● **Task brief**
Only the lines containing "dans" should appear in the answer, copied from the listing below.

● **Records to use**

-.-.-

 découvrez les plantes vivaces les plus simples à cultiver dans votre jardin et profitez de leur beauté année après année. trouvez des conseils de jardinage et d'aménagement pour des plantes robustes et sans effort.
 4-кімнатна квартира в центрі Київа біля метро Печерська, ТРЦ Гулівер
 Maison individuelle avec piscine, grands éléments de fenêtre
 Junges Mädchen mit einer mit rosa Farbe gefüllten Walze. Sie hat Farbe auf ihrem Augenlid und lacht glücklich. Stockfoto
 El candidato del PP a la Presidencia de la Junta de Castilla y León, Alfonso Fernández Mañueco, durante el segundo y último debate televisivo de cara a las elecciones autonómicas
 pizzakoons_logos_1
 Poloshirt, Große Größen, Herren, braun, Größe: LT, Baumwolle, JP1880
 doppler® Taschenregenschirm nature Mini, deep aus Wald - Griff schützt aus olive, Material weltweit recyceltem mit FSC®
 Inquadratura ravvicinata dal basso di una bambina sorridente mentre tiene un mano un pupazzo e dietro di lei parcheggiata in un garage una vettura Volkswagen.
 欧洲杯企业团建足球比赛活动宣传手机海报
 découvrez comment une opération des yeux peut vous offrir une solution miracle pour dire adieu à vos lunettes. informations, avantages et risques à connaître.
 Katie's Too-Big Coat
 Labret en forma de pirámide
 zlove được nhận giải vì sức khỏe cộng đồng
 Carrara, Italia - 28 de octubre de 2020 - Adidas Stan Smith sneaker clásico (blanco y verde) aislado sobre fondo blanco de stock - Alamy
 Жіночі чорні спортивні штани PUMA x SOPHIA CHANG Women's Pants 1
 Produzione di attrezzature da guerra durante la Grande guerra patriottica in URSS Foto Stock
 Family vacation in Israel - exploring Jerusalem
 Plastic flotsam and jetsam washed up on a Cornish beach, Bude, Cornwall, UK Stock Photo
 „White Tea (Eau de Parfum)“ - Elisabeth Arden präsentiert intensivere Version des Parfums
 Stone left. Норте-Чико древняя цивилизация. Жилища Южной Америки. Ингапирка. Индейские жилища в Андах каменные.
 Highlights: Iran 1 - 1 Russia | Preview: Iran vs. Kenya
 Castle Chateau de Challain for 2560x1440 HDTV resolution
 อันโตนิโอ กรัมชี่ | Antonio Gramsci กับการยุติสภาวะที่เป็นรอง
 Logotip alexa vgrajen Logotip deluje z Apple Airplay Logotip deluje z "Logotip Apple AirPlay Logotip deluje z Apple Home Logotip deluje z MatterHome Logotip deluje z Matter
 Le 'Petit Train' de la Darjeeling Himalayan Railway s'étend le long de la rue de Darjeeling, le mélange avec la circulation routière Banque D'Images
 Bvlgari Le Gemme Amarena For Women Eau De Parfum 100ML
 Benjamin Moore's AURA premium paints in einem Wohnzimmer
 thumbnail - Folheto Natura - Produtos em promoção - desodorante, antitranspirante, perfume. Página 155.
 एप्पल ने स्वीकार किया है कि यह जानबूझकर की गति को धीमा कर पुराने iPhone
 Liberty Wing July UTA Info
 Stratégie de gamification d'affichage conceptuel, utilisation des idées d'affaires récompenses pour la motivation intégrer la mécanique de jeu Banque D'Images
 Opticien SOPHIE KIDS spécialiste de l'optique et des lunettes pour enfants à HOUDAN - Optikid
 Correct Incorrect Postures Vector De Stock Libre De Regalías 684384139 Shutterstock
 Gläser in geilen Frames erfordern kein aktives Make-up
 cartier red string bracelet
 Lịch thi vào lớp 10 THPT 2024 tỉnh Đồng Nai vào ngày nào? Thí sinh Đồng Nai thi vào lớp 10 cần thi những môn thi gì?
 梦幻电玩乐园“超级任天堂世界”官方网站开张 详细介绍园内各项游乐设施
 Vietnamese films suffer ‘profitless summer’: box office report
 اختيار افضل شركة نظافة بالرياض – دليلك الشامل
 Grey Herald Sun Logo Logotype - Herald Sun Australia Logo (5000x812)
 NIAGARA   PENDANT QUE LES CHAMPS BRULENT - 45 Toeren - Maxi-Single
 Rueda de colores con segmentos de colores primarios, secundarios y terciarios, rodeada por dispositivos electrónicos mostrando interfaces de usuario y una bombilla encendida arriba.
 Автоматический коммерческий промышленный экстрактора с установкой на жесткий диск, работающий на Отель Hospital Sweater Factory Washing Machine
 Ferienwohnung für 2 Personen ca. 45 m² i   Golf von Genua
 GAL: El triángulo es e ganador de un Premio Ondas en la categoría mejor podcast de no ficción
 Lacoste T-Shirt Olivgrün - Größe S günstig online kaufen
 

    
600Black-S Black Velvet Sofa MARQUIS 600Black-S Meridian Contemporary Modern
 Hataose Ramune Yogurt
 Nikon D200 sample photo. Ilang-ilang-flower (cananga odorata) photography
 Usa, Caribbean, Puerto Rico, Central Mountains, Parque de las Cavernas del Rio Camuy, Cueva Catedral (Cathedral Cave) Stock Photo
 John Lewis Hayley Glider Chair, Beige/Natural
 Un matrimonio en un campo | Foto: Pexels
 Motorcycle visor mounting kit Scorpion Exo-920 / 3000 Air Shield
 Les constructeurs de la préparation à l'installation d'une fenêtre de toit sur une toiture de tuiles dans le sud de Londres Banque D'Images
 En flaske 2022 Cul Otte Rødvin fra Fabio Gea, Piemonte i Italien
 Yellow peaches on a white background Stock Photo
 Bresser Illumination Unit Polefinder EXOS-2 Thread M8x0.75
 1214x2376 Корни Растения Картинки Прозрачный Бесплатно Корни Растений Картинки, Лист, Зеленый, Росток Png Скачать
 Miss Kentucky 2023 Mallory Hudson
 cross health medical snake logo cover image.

-.-.-

● **Answer below**
 découvrez les plantes vivaces les plus simples à cultiver dans votre jardin et profitez de leur beauté année après année. trouvez des conseils de jardinage et d'aménagement pour des plantes robustes et sans effort.
 Les constructeurs de la préparation à l'installation d'une fenêtre de toit sur une toiture de tuiles dans le sud de Londres Banque D'Images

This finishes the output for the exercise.